Согласно документу для окончательного выздоровления пациенты могут быть отправлены в санаторий, если это предусмотрено в региональных дорожных картах по лечению COVID-инфекции. Но и тут можно действовать самим: свежий воздух, прогулки где-нибудь в сосновом лесу или, если удастся, поездка к морю всегда на пользу.

В рекомендациях минздрава есть комплексы лечебной гимнастики для пациентов с разным уровнем состояния. Упражнений несколько десятков. Мы выбрали для примера несколько простых и универсальных.

Как заниматься дома

На что обратить внимание, восстанавливаясь после COVID-19, “РГ – Неделе” рассказала наш постоянный эксперт, врач-пульмонолог Пироговского центра (КДЦ Арбатский) Ольга Богуш.

Читайте также:  Восстанавливающие упражнения для плечевого сустава

– Сейчас уже ясно, что даже при легком течении заболевания многим не удается избежать осложнений. У некоторых наблюдается фиброз – поражение легких, когда нормальная ткань замещается соединительной. В легком, по сути, возникают рубцы. В результате уменьшается дыхательная поверхность легких. Если поражены небольшие участки, человек этого не замечает. Но если фиброз более выражен, возникает одышка.
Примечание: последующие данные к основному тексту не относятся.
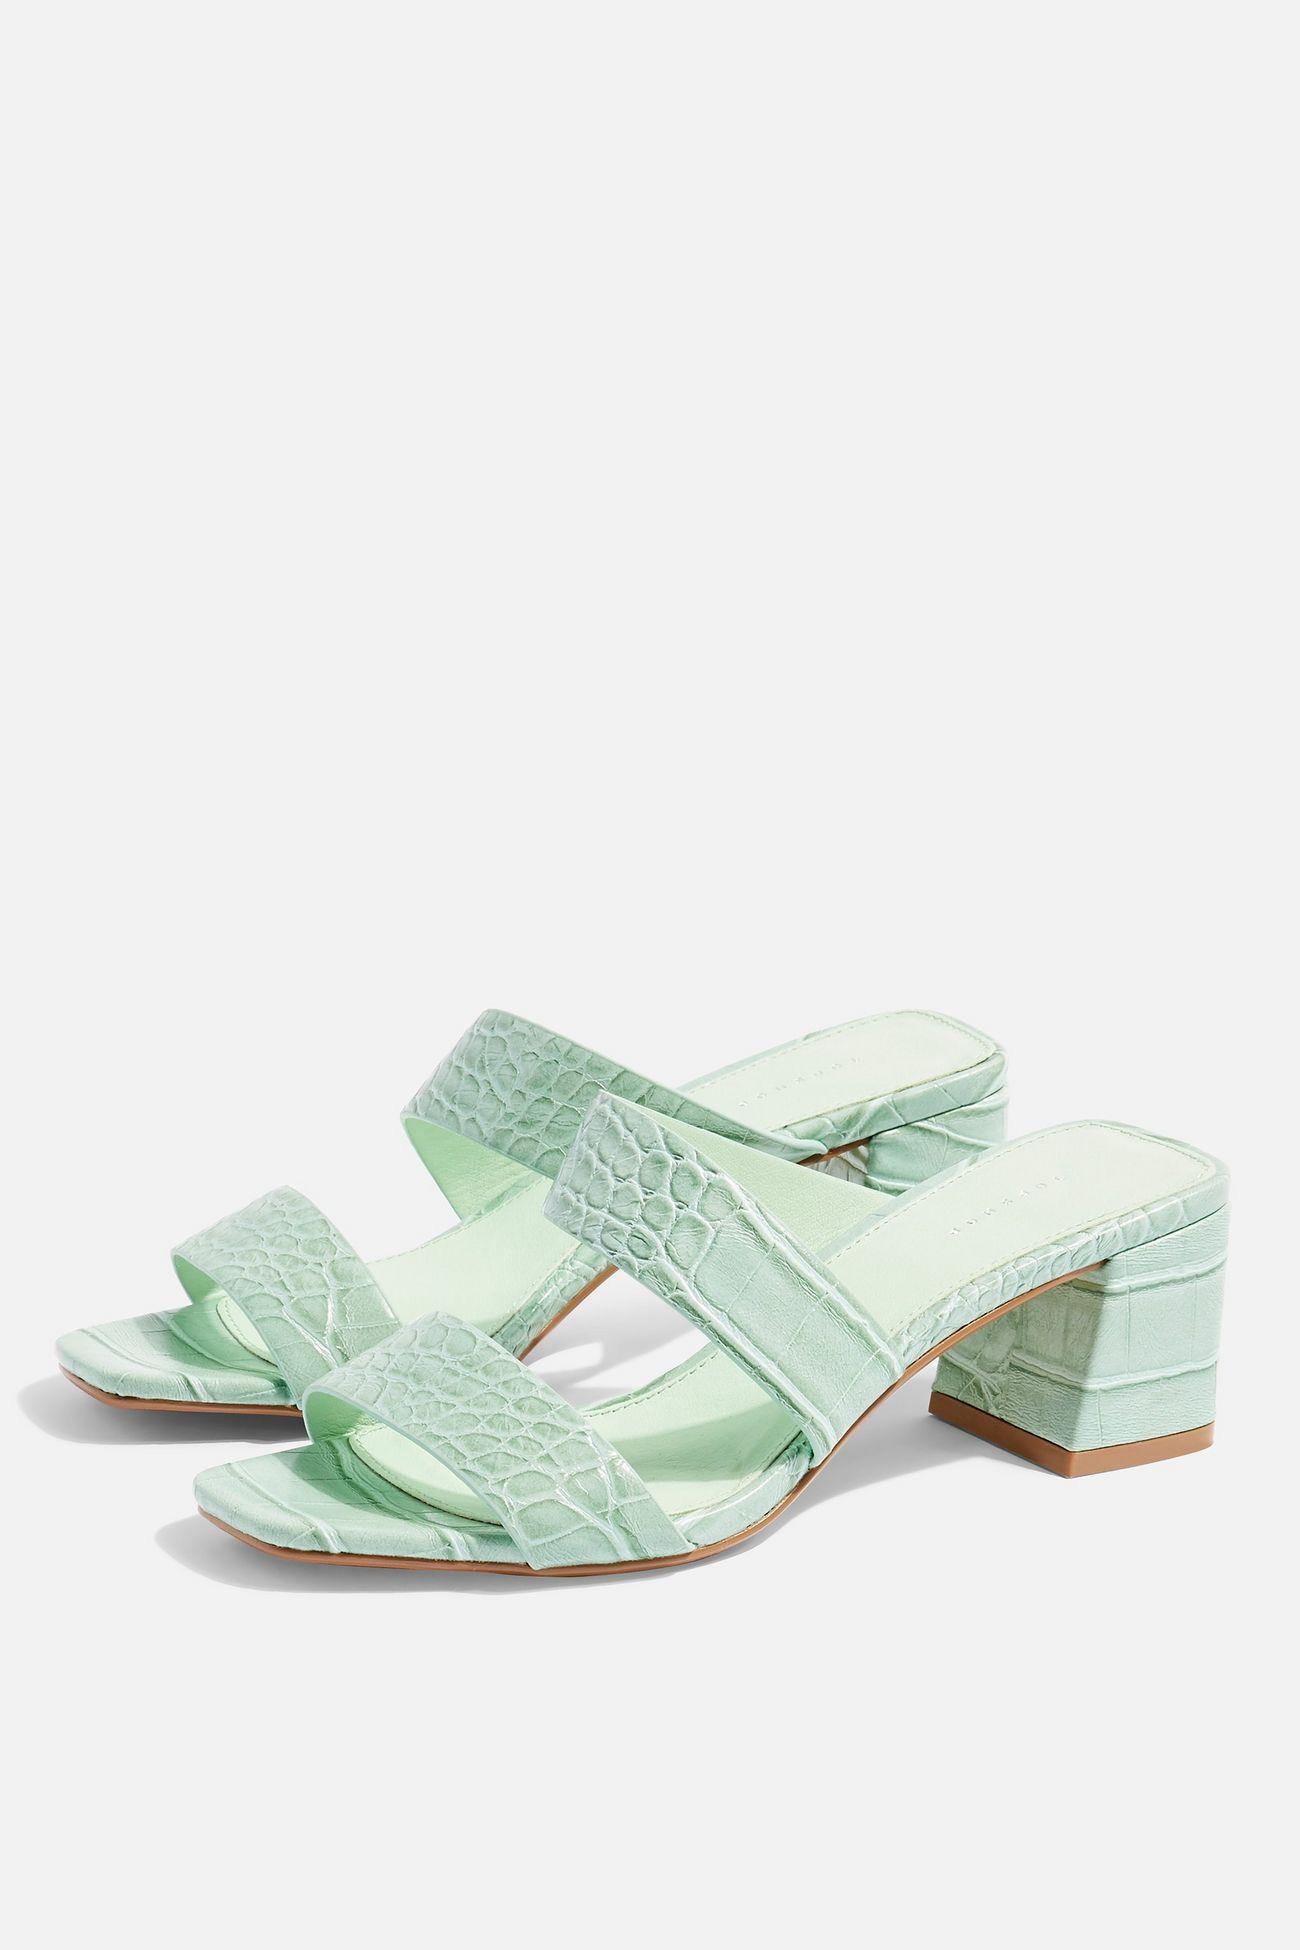 144ccb394ae Shoe Addicted: 10 καλοκαιρινά παπούτσια μέχρι €30 που αξίζει να ...

Заниматься физическим восстановлением нужно обязательно. Прежде всего это дыхательная гимнастика – упражнения, направленные на восстановление дыхательной мускулатуры, укрепление мышц, которые отвечают за вдох и выдох. Важно задействовать нижние отделы легких, которые в обычной жизни для дыхания почти не используются. На это, например, направлены йоговские практики.

Многие мои пациенты, которые сейчас приходят ко мне на консультацию, занимаются по методике Бутейко – это особое “поверхностное” дыхание, при котором идет накопление углекислого газе в организме. Говорят, что им помогает. Но все же постковидным пациентам я прежде всего рекомендую “парадоксальную” гимнастику, которую много лет назад разработала Александра Стрельникова.

Эти упражнения хорошо работают при астме, других хронических заболеваниях легких. В рекомендациях минздрава, кстати, указано, что можно практиковать йоговское дыхание – и диафрагмальное, и так называемое полное. По способу выполнения эти дыхательные практики отличаются, но на состоянии легких хорошо сказываются и та и другая.

Важный момент: ограничиваться только дыхательными упражнениями не стоит, надо обязательно добавлять физическую нагрузку. Пока сохраняется сильная слабость, можно, лежа в постели, делать совсем простые вещи: надувать шарики, медленно выдыхать через тонкую трубочку в воду. Есть специальные дыхательные тренажеры – они полезные, хотя и довольно дорогие. Думаю, вполне можно обойтись и подручными средствами.

Когда физическое состояние позволит вставать, добавляем гимнастику. Если дома есть тренажер – шаговая дорожка или велосипед, используем их для увеличения аэробной нагрузки. Если нет, не страшно. Обычная энергичная ходьба, махи руками, наклоны туловища и другие элементарные упражнения помогут восстановиться быстрее.

Если есть возможность, занимайтесь на свежем воздухе. Самое простое и безопасное – ходьба в бодром темпе, можно подключить палки (скандинавская ходьба), использовать велосипед.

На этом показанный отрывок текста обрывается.